_Activity:_ Every line of the material needs an exact copy, apart from the images.

_Data extract:_
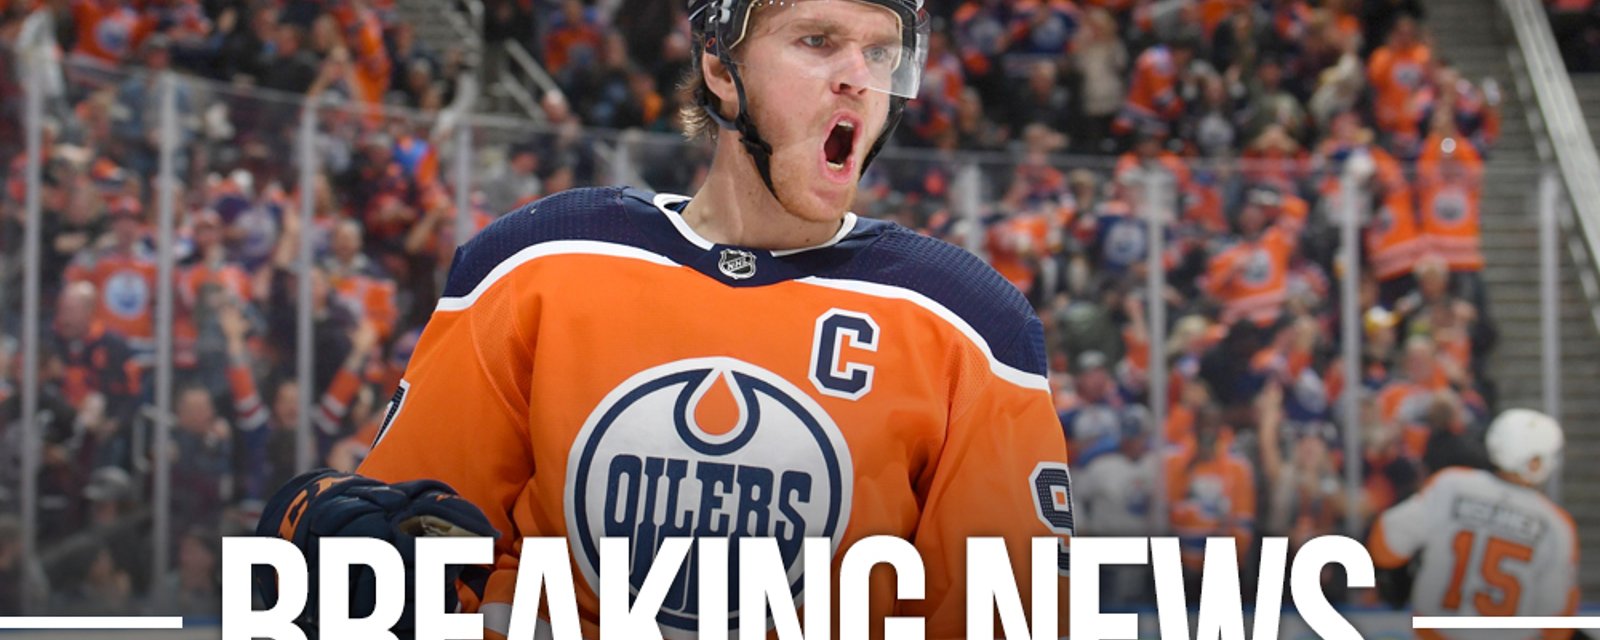 Connor McDavid has tested positive for COVID-19
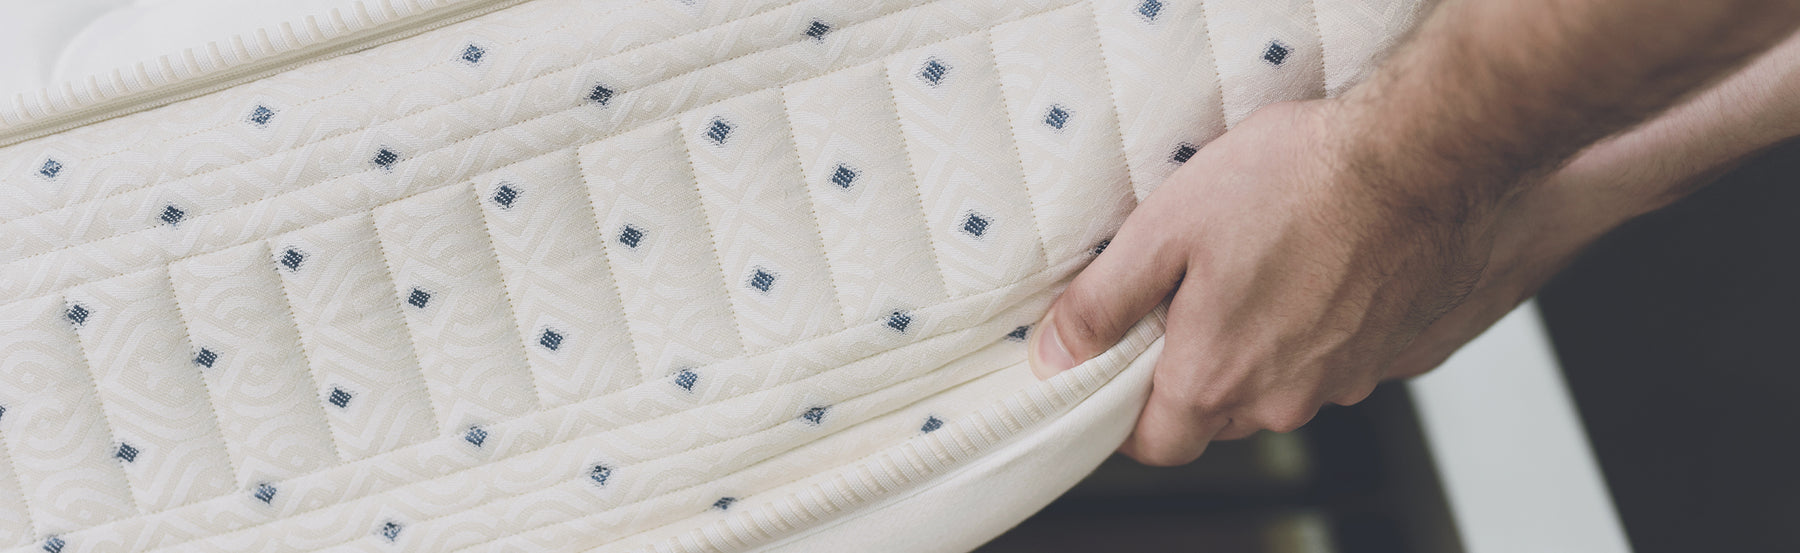 How to Make an Old Mattress More Comfortable
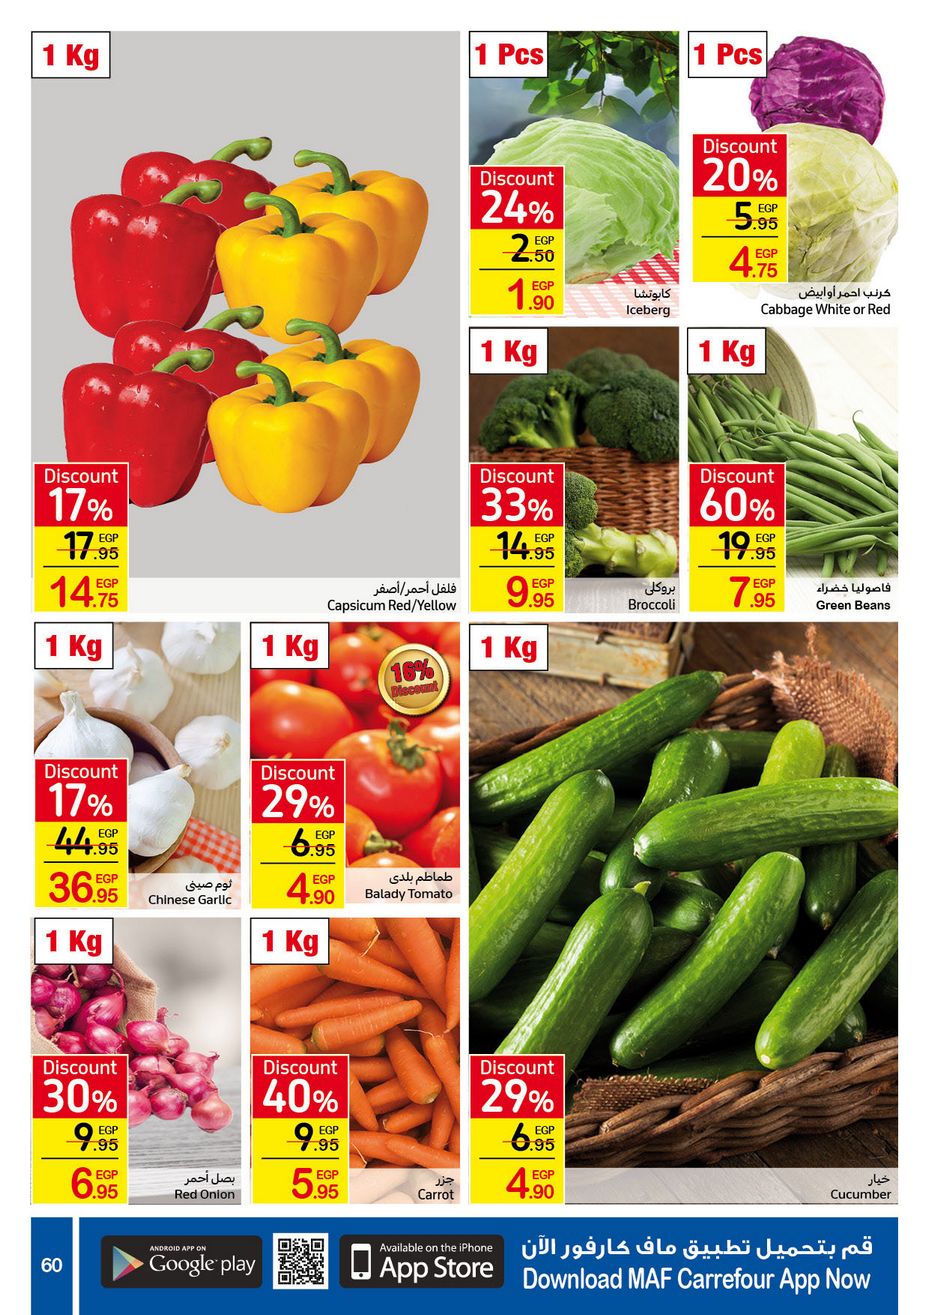 Carrefour Anniversary Offers till 18/2/2021 | Carrefour Egypt 61

_Answer to this task:_
 Connor McDavid has tested positive for COVID-19
 How to Make an Old Mattress More Comfortable
 Carrefour Anniversary Offers till 18/2/2021 | Carrefour Egypt 61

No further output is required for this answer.